In the following campaigns, veteran Palop continued to be first choice, never appearing in fewer than 31 league matches. In 2009–10 he helped to a fourth place in the league, with the subsequent qualification for the UEFA Champions League, and victory in the Copa del Rey.

===Bayer Leverkusen===
On 3 June 2013, Palop joined Bayer 04 Leverkusen on a one-year deal, moving abroad for the first time at the age of nearly 40. He remained unused by the German Bundesliga club, and in April 2014 announced his retirement.

==International career==
Palop was first called up for Spain in August 2007 for a friendly with Greece, after a last-minute injury to Iker Casillas. However, he did not leave the bench.

Uncapped, Palop lost a narrow competition with Pepe Reina of Liverpool for second choice at UEFA Euro 2008, but beat FC Barcelona's Víctor Valdés for the third spot on the squad. During the ceremony following Spain's victory in the tournament, he wore Luis Arconada's original Euro 1984 final shirt; he received the gold medal from Michel Platini (who had won the 1984 continental competition, opening the score from an Arconada blunder), later president of UEFA.

==Coaching career==
On 18 February 2015, Palop was named manager at CD Alcoyano for the remainder of the season in the Segunda División B. In June, after achieving the sufficient qualifications, he took the post on a permanent basis, announcing his exit in May 2016.
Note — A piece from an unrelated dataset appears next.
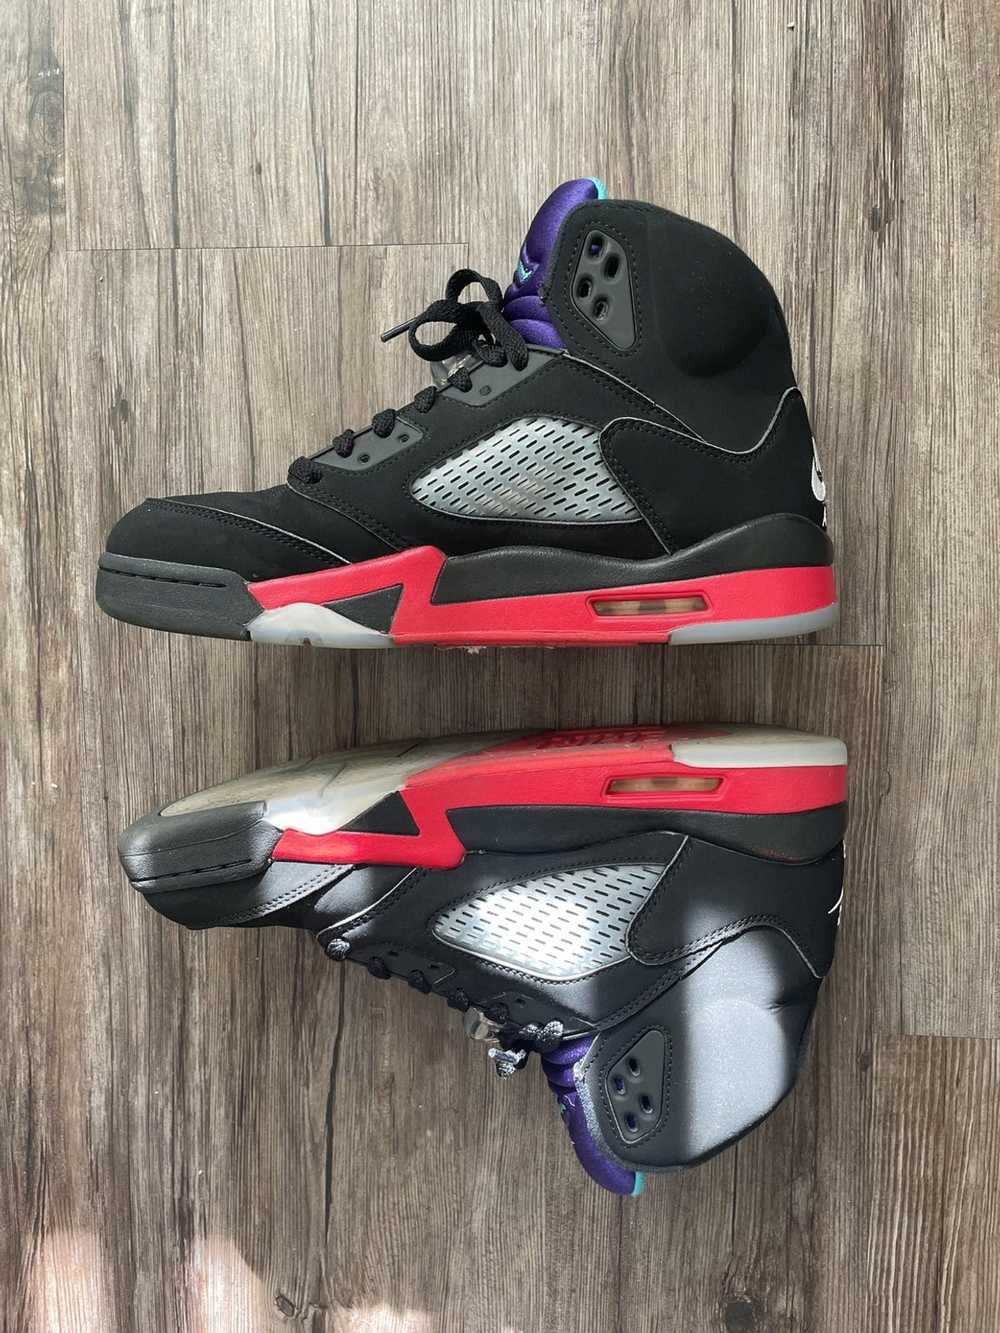 Jordan Brand × Nike Air Jordan 5 “Top 3” - image 3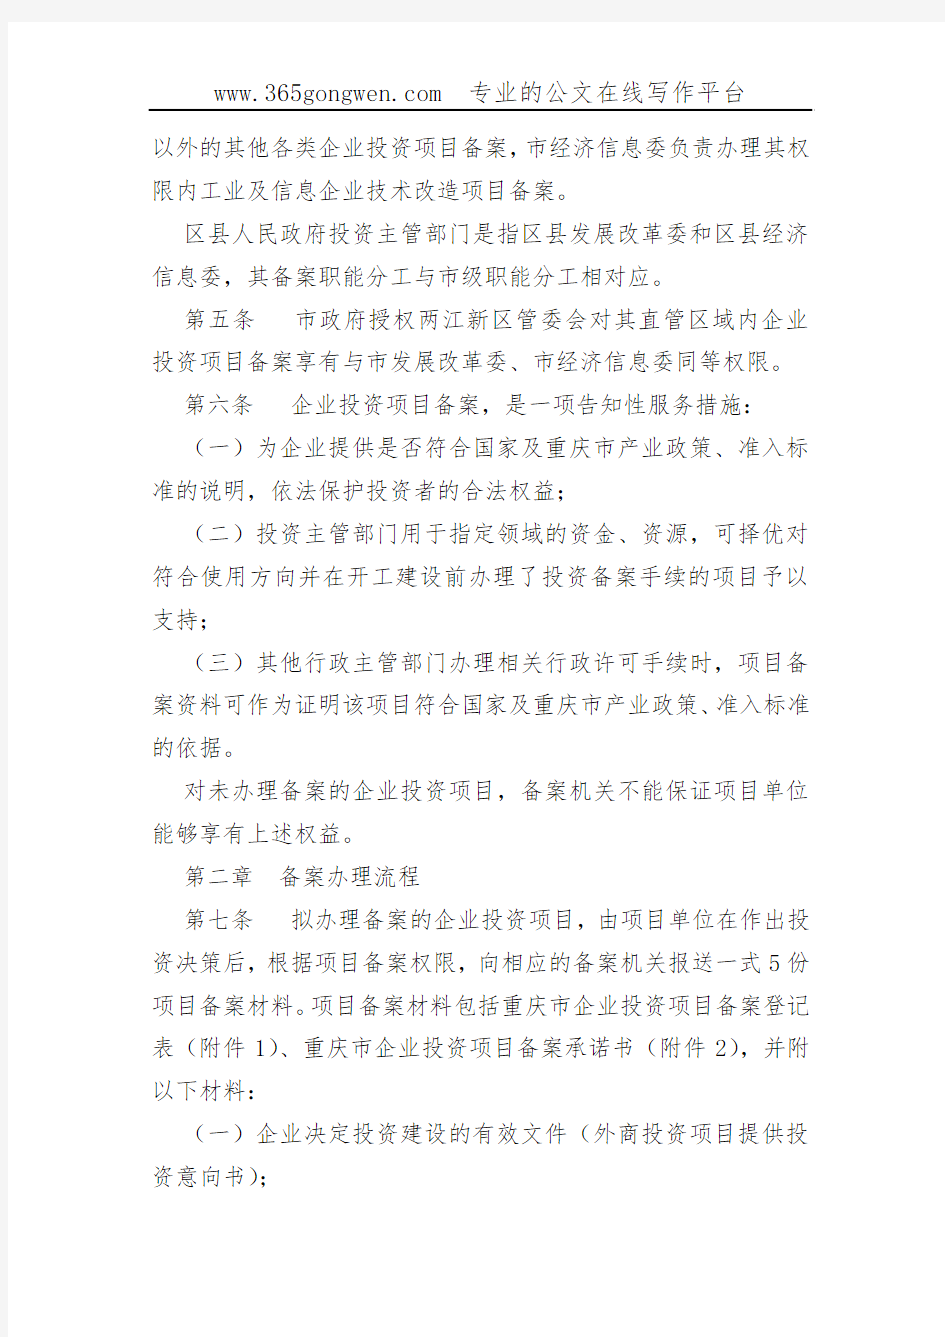 【发改办法】重庆市企业投资项目备案管理办法

Palop was appointed as the new head coach of UD Ibiza on 27 September 2018, with that club also competing in the third tier. He was dismissed the following 25 February having won ten of his 21 games, leaving the team eight points from a playoff place.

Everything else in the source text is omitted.